Fuller Brothers remains very concerned about the Equal product. As I have previously explained, Fuller Brothers is not a direct competitor in the market that Equal fills — Fuller Brothers sells no competing tire balancing product. However, Fuller Brothers is particularly concerned about the potential misuse of Equal in conjunction with tire conditioning products it sells and with bead lubricants sold by other companies. Tire conditioners are water-based products applied to the interior of truck tires. Bead lubricants are also water based.
Although applied only to the bead, application often results in spillage of some product into the tire. Everything that has been learned thus far about Equal indi- ‘ cates that its urea formaldehyde resin breaks down through hydrolysis in the presence of water. Water is already present in tires, whether or not these additional water-based products are used, through the moisture in the air installed into the tire and through condensation. All the tests on which Mr. Dunder relies in his *146report demonstrate that this process is occurring in tires without these additional products.
However, Fuller Brothers is concerned that the breakdown of Equal will be even further enhanced if Equal and these water-based products are mistakenly applied to the same tire....

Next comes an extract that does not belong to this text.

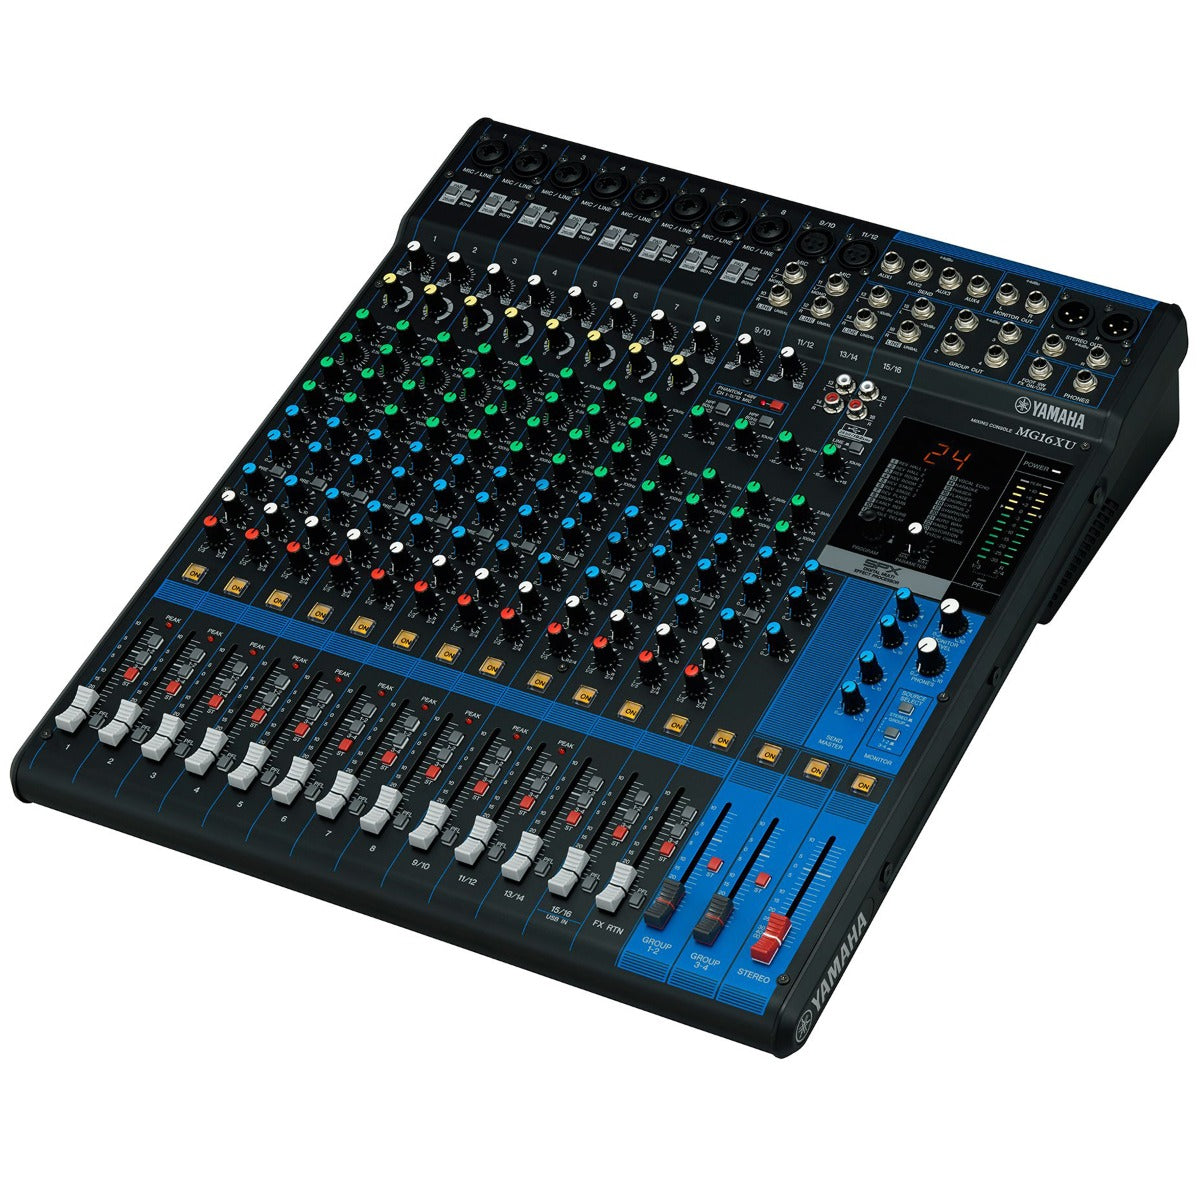 Yamaha MG16XU 16-Channel Stereo Mixer with USB Audio Interface - View 2
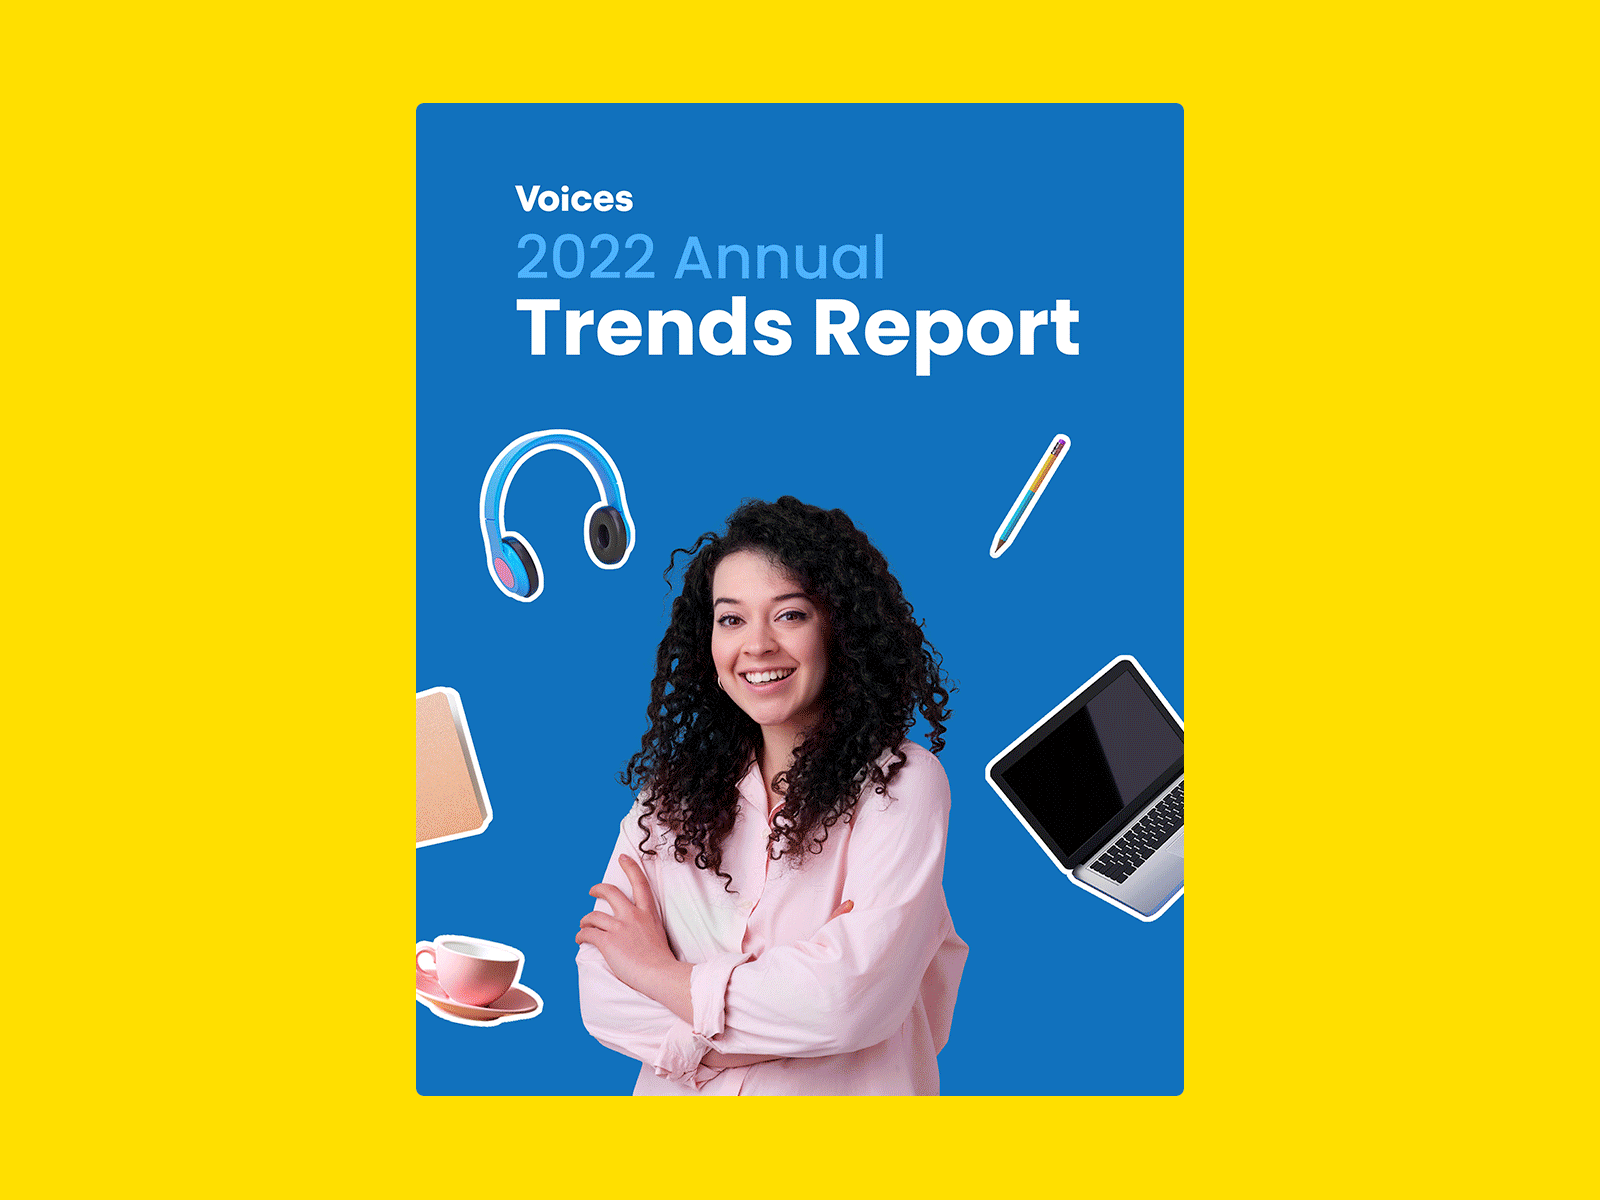 Annual Report PDF acrobat annual audio branding charts design digital art editorial future of work graphs indesign layout pdf photo photo compositing report statistics trends voices woman

Exhibit A to Plaintiffs Response, pp. 2-3.

In addition to the letter from counsel for Fuller Brothers to OSHA, Fuller Brothers submits as evidence the report of Ken Dun-der. Fuller Brothers hired Dunder to review materials submitted by International Marketing to OSHA relating to Equal. Dunder disagrees with the conclusions of OSHA as stated in the letters dated October 18, 1993 and February 3,1994 from OSHA to International Marketing. Dunder concludes that “Equal is clearly capable of releasing formaldehyde in the air, under reasonably forseea-ble conditions of use, at concentrations reaching or exceeding 0.1 ppm based on an 8-hour Time Weighted Average.” Exhibit C to Plaintiffs Response, p. 3.

There is a dispute between these parties as to the safe use of Equal. OSHA is involved in the dispute. This court concludes that the facts surrounding this dispute cannot support a claim for the tort of the intentional interference with economic advantage.

CONCLUSION

The motion of International Marketing for partial summary judgment (# 52) is granted.